Later, when Mikoto had gone inside, Kyoko clutched to Itachi like her life depended on it. "Is this real?" she asked him. "If it is, I'll do better. I promise. You two wouldn't have to protect me again. It would be my job. Just . . . . I need to know. Is this real?"
He didn't answer.
The house was quiet, and Kyoko was standing in the empty hallway. She looked back into the room at where Shisui was sleeping. He wasn't moving. Was he sleeping or was he dead?
Kyoko backtracked into the room and leaned onto the bed, holding her hand in front of his mouth. When she felt his hot breath against her fingers, a sigh of relief shuddered through her body. She leaned her head forward to rest it against his bed. He was okay. He was just sleeping.
It took a while—a few minutes? longer?—for her to force herself up and away. Kyoko closed the door to keep herself away from the temptation of looking back. She slid her feet across the floor to keep herself silent as she moved to the bathroom. She shut that door too and then strained up to reach the light.
She winced when it turned on too bright. The lights were buzzing too loud. She rubbed her eyes to try to clear her vision. When she could finally stand it, she opened her eyes again and reached up for the counter. It took longer than she liked for her to haul herself up, but once she was there she sat with her feet resting in the sink so that she could face the mirror. Kyoko blinked at herself, but she didn't recognize herself. Because this her was only supposed to exist in old photo albums.

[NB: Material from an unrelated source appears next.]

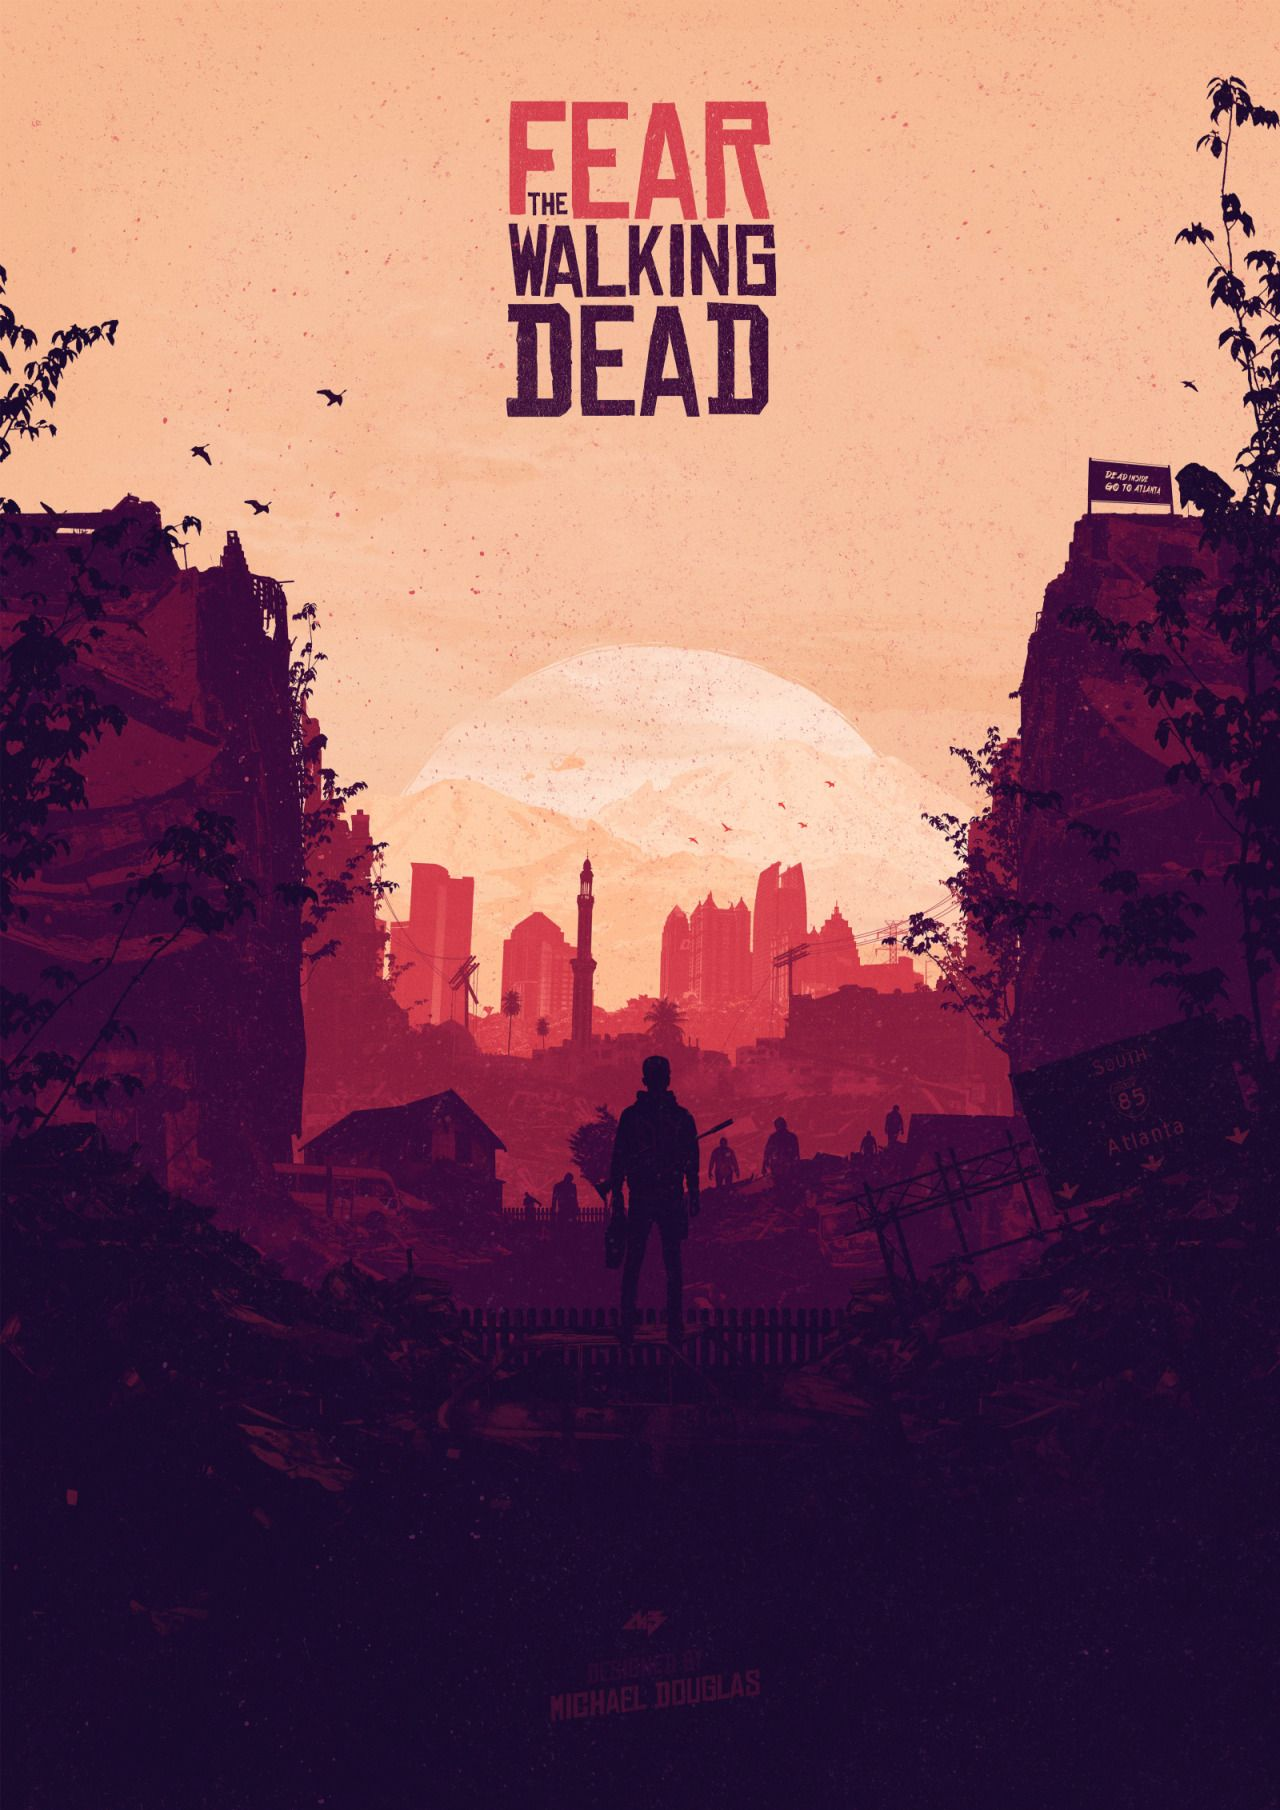 Fear The Walking Dead Poster Created By Michael Douglas

"Please, no," she whispered. She reached up and pressed her fingers under her dark eyes. She pulled up her chakra and watched as red bled into her eyes and black swirled into existence.
Kyoko caught her breath and snapped her fist out against the glass. Somewhere else in the house, a baby started screaming. Itachi. She should be worried about Itachi. But she couldn't make herself care. Not about Itachi, not about her bleeding knuckles, and not even about the shattered glass. It was what she could see in the glass that made it hard to breathe. Because when she stared?
Two black eight-point stars stared back.